> Supplied information:
* * * *
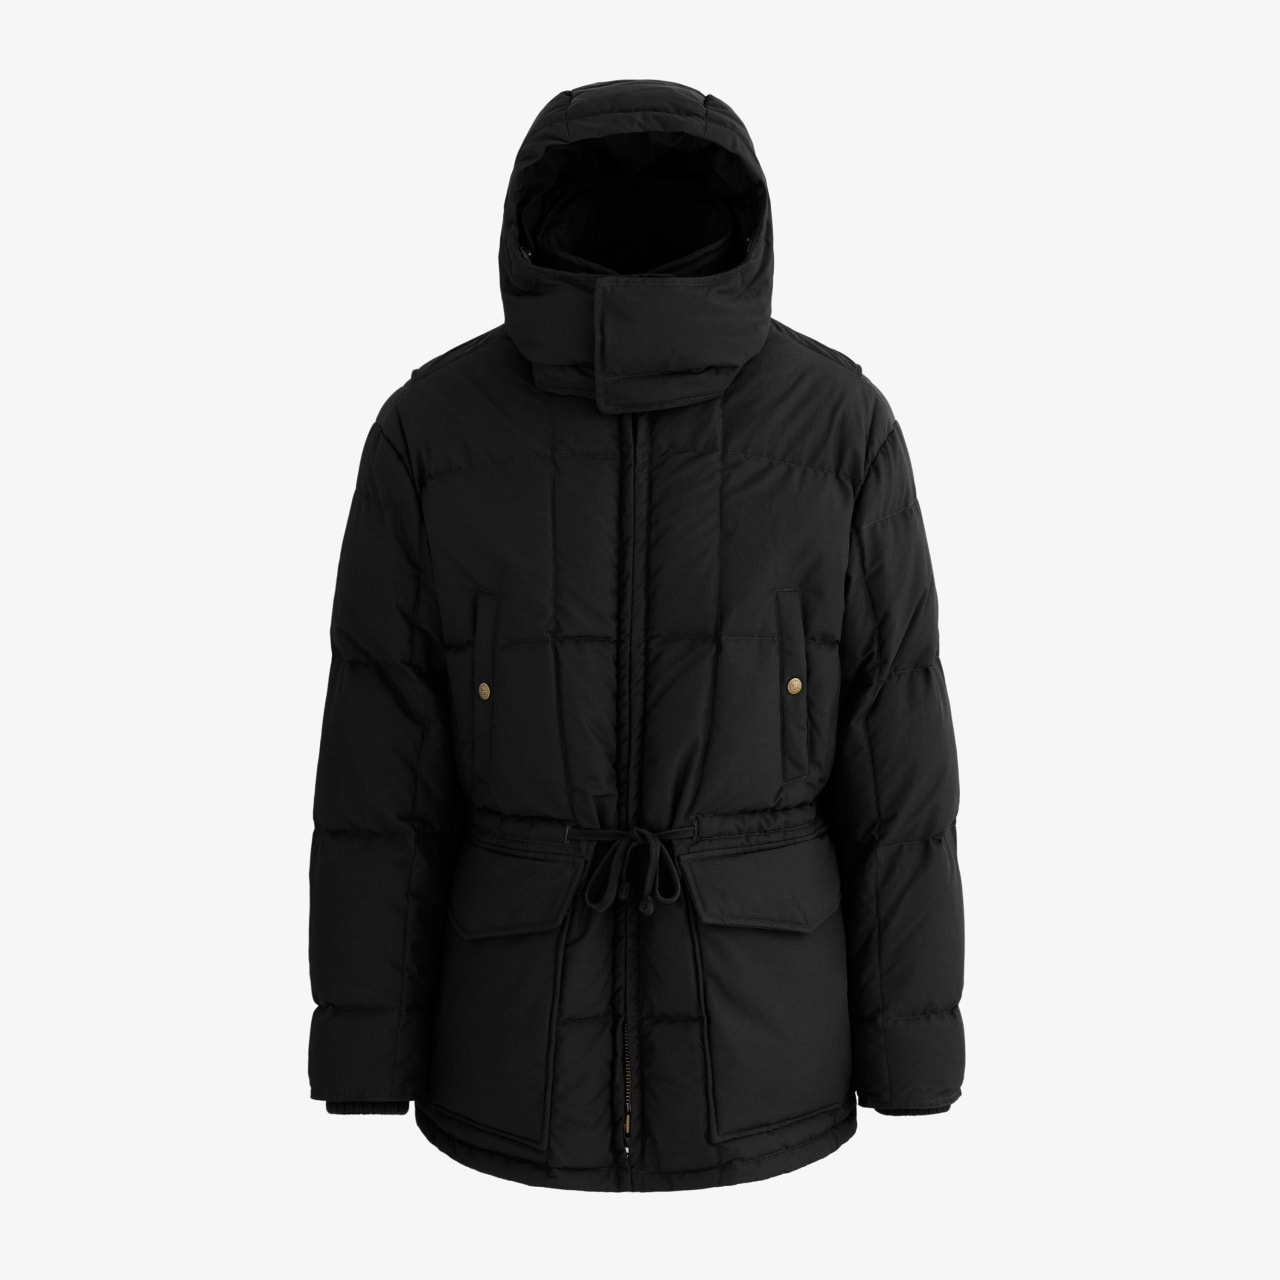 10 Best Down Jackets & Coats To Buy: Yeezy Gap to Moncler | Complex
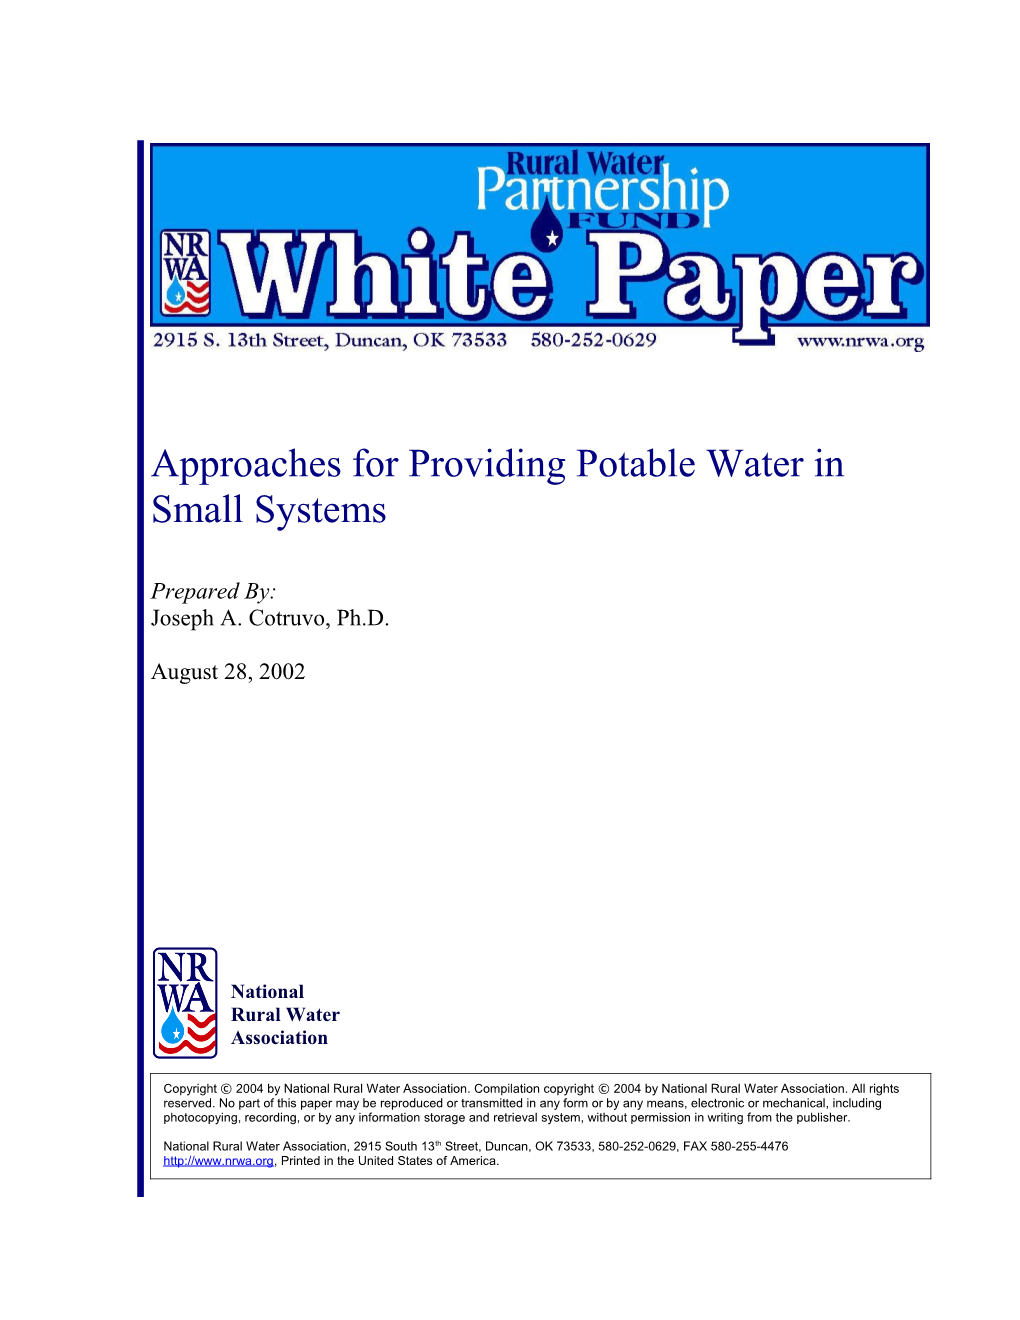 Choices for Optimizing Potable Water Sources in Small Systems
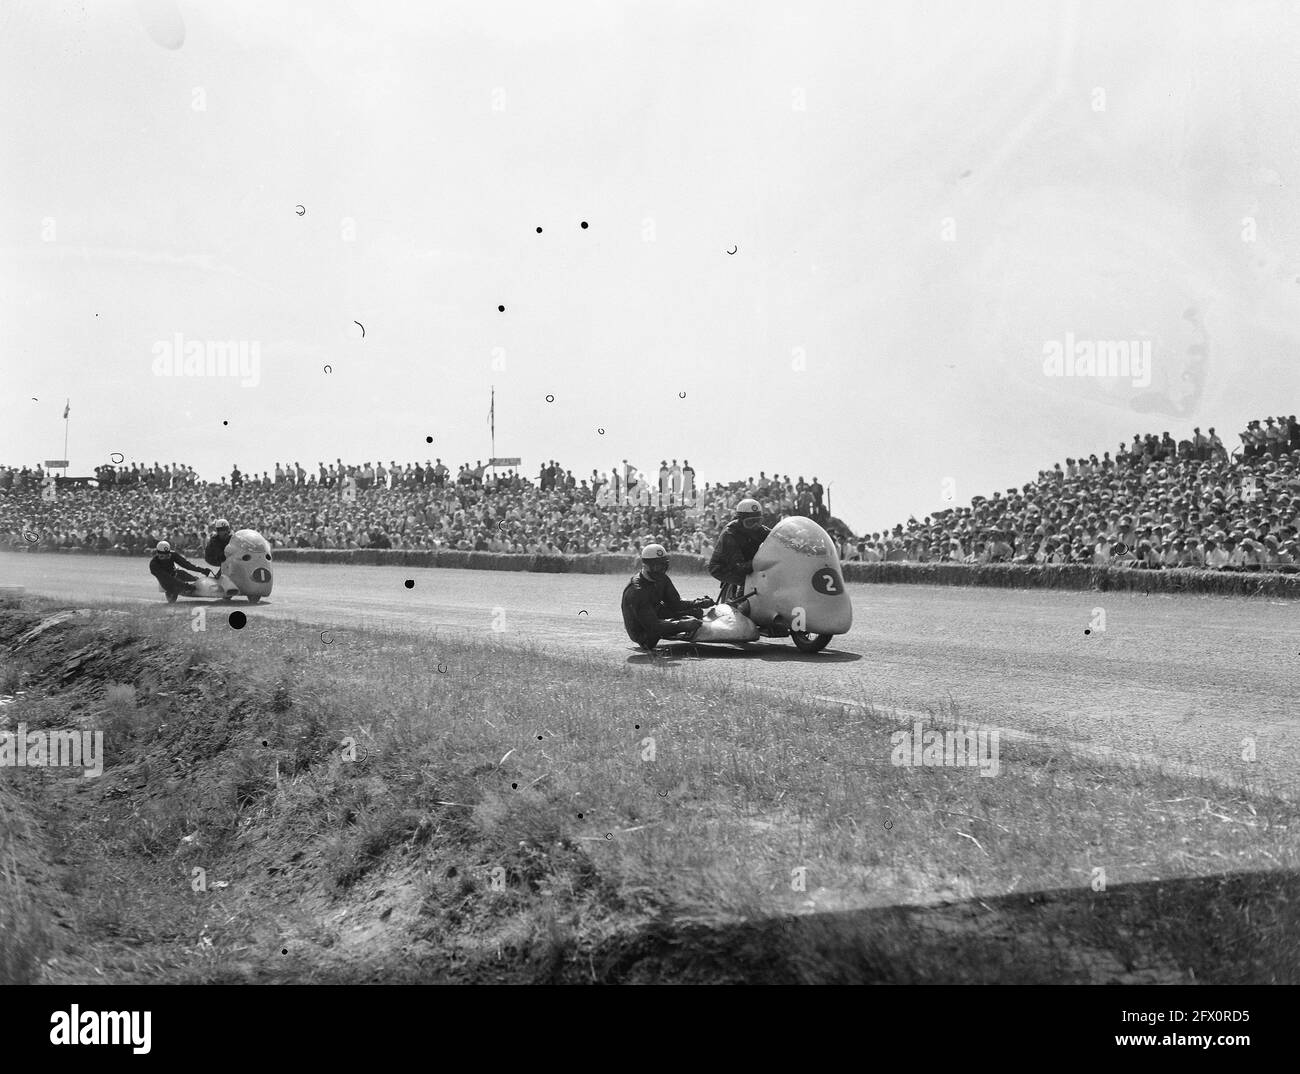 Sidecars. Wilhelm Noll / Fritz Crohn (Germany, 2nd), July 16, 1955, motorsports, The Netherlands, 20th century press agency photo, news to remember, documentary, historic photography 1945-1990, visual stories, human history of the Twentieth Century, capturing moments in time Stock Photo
* * * *
> Exercise details: A verbatim copy of the data, pictures removed, is the expected result.

> Response to the exercise:
 10 Best Down Jackets & Coats To Buy: Yeezy Gap to Moncler | Complex
 Choices for Optimizing Potable Water Sources in Small Systems
 Sidecars. Wilhelm Noll / Fritz Crohn (Germany, 2nd), July 16, 1955, motorsports, The Netherlands, 20th century press agency photo, news to remember, documentary, historic photography 1945-1990, visual stories, human history of the Twentieth Century, capturing moments in time Stock Photo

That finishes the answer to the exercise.